What to do ::
Leave every picture out and return the rest of the listing verbatim.

Input data ::
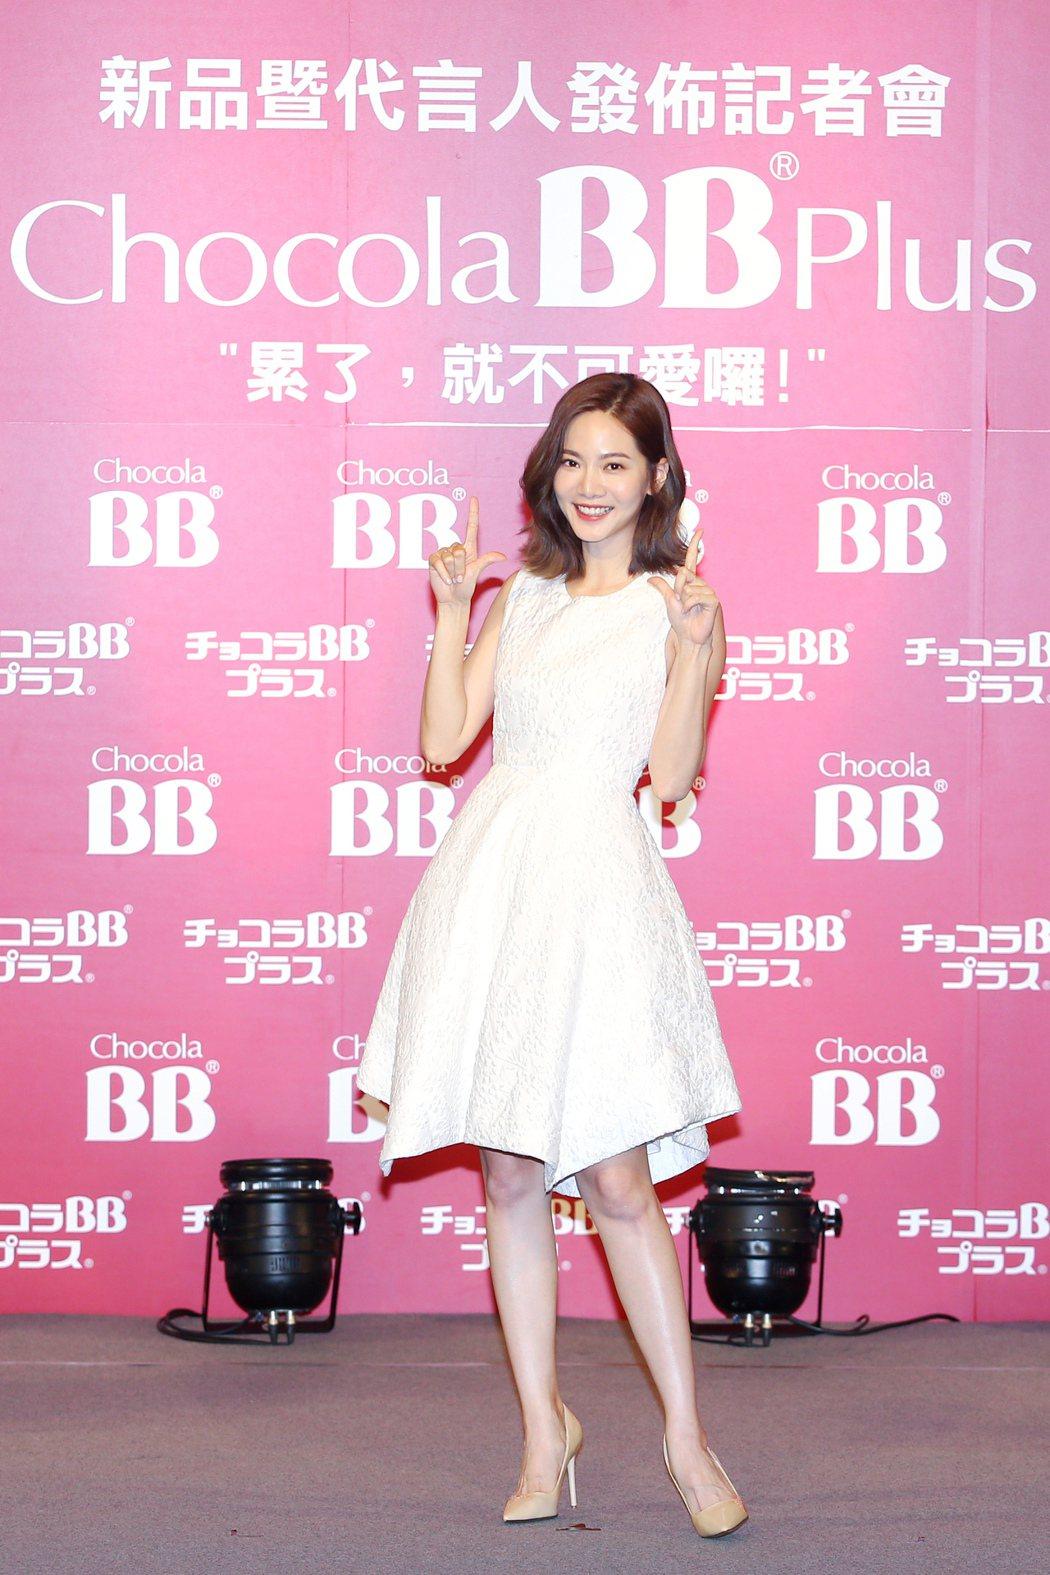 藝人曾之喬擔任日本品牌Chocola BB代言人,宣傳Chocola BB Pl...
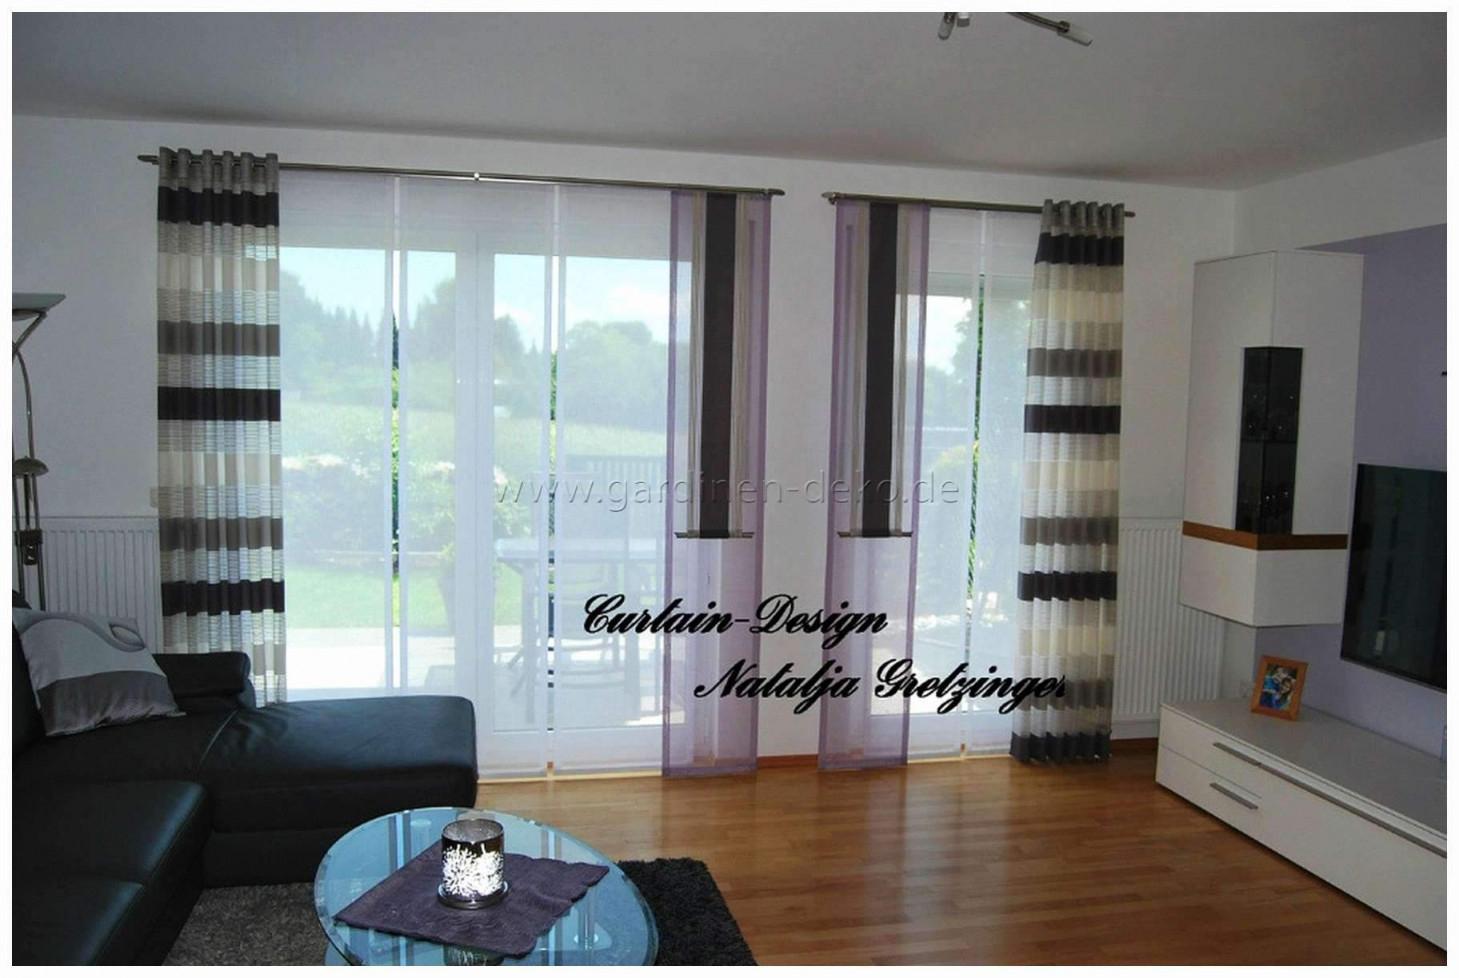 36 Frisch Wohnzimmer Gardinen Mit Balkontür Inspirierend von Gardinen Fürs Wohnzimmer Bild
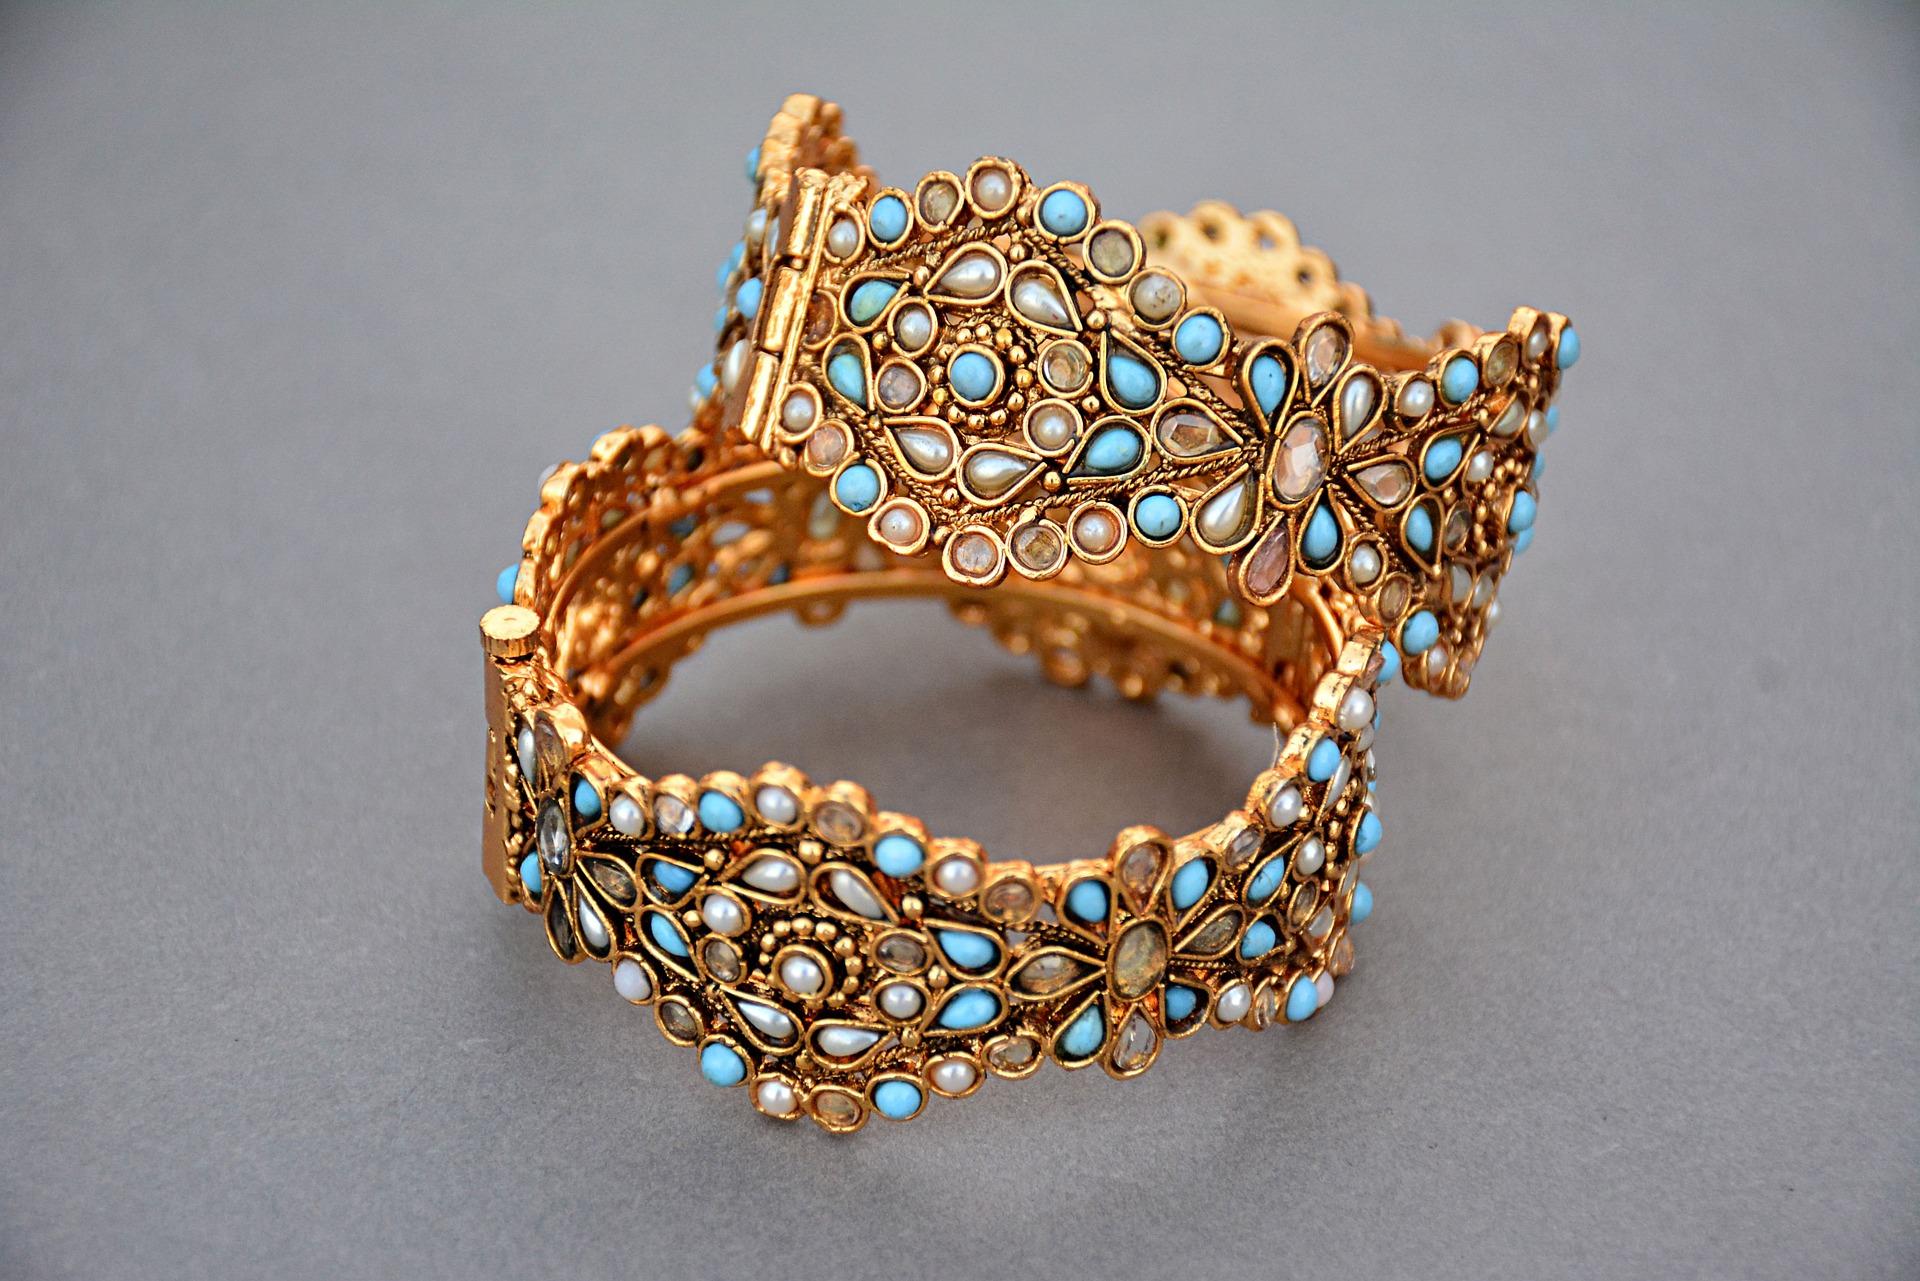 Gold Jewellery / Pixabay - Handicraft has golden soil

Answer below ::
 藝人曾之喬擔任日本品牌Chocola BB代言人,宣傳Chocola BB Pl...
 36 Frisch Wohnzimmer Gardinen Mit Balkontür Inspirierend von Gardinen Fürs Wohnzimmer Bild
 Gold Jewellery / Pixabay - Handicraft has golden soil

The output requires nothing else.